Zadie Smith on libraries and the state of the state

By remarkable coincidence, I saw Zadie Smith on the Bowery this evening and then came home to the most recent New York Review of Books in my mailbox with an eloquent lament by her called “North West London Blues” about the future of public libraries and the state of the state.  It is not online yet — once it is, I imagine it can be found here — but it will be no small irony if the NYRB puts it behind their paywall because her most compelling argument on behalf of public libraries is that “they are the only thing left on the high street that doesn’t want either your soul or your wallet.”

Her point, more or less, is that she recognizes a “large, in fact, almost incalculable” debt to Britain for her education, health, etc. when all those things were free but recognizes, too, that:

[T]he state is not what it once was.  It is complicit in this new, shared global reality in which states deregulate to privatize gain and reregulate to nationalize loss…The charming tale of benign state intervention described above is now relegated to the land of fairy tales: not just naive but actually fantastic.  Having one’s own history so suddenly and abruptly made unreal is an experience of a whole generation of British people, who must now wander around like so many ancient mariners boring foreigners about how they went to university for free and could once find a National Health dentist on their high street.

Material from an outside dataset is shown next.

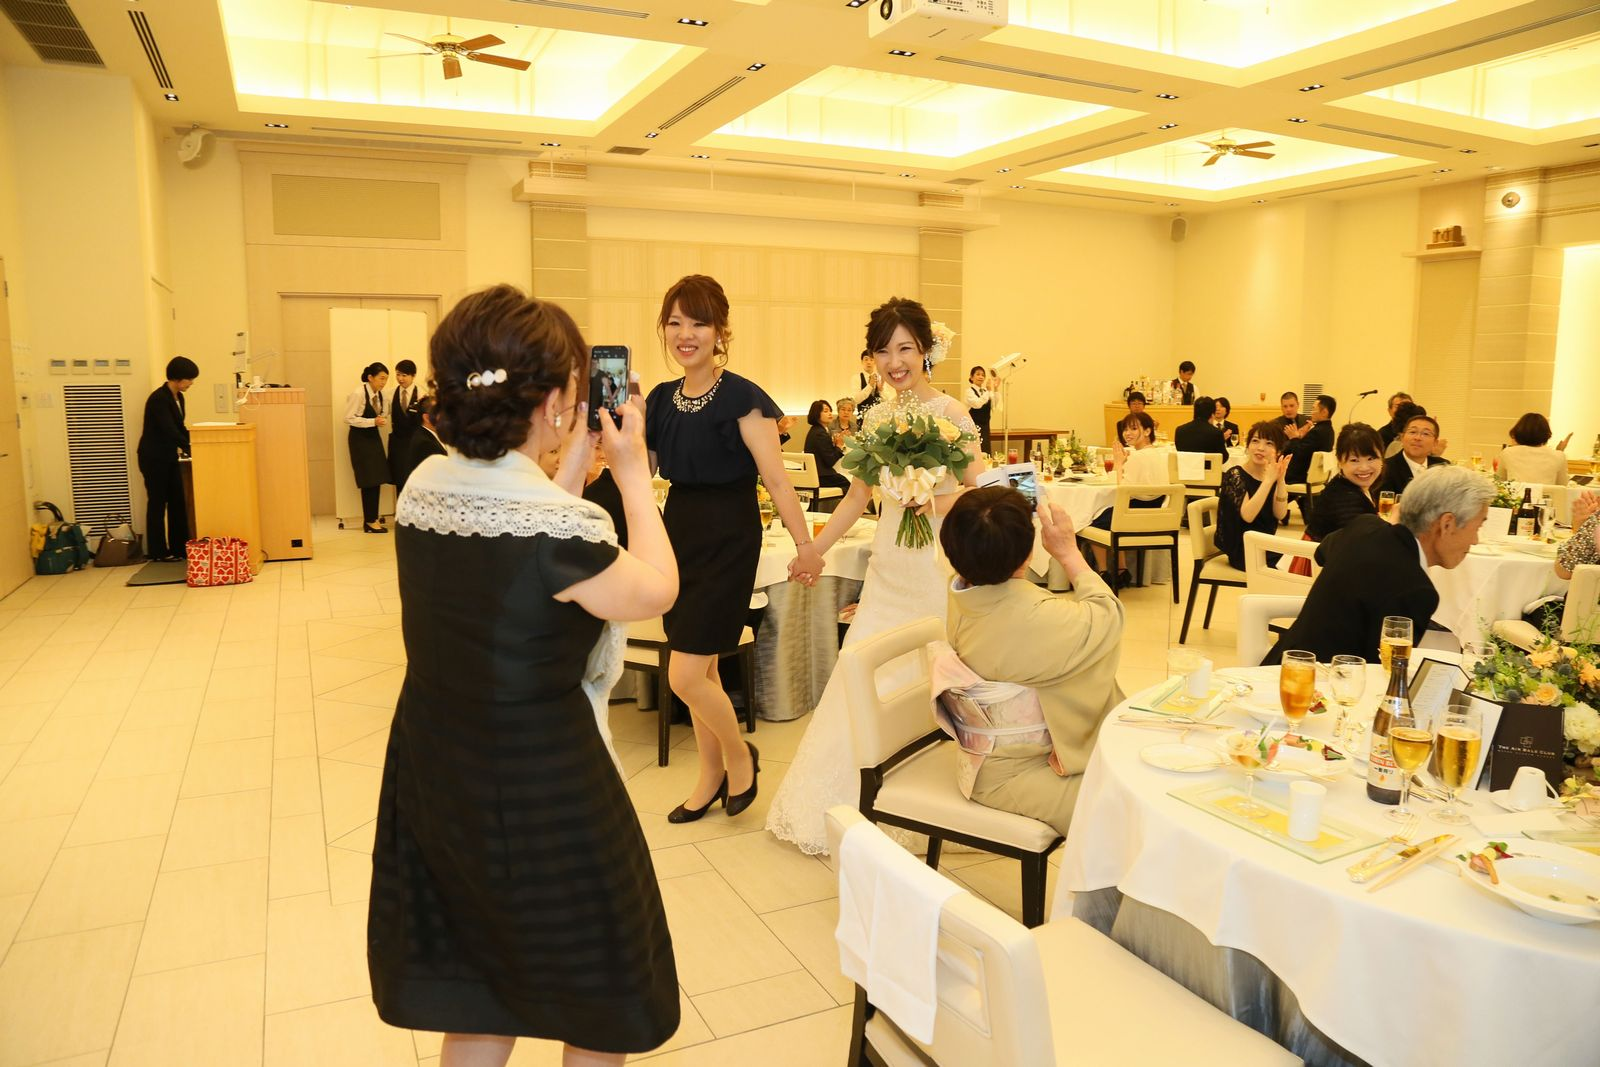 高松市の結婚式場アイルバレクラブの披露宴 新婦様、お色直しのためにご退場

But what of public libraries?  Looking on the slated closure of her neighborhood library in Willesden Green in order to make way for a luxury housing/retail space development, she continues:

And the thing that is most boring about defending libraries is the imputation that an argument in defense of libraries is necessarily a social-liberal argument.  It’s only recently that I had any idea that how a person felt about libraries — not schools or hospitals, libraries — could even represent an ideological split.  I thought a library was one of the few sites where the urge to conserve and the desire to improve — twin poles of our political mind — were easily and naturally united…[But] if the losses of private companies are to be socialized within already struggling communities, the very least we can do is listen to people when they try to tell us where in the hierarchy of their needs things like public space, access to culture, and preservation of the environment lie.  “But I never use the damn things!” says Mr. Notmytaxes in the letters page.  Sir, I believe you.  However.  British libraries received over 300 million visits last year, and this despite the common neglect of the various councils that oversee them.  In North West London people are even willing to form human chains in front of them.  People have taken to writing long pieces in newspapers to ‘defend’ them.  Just saying the same thing over and over again.  Defend our libraries.  We like libraries.  Can we keep our libraries?  Pleading, like children.  Is that really where we are?

Read the whole thing, either here or maybe here or perhaps just here and then navigate from the home page to find it yourself.  Then consider Smith’s quote from Tony Judt, who said, “We need to learn to think the state again.”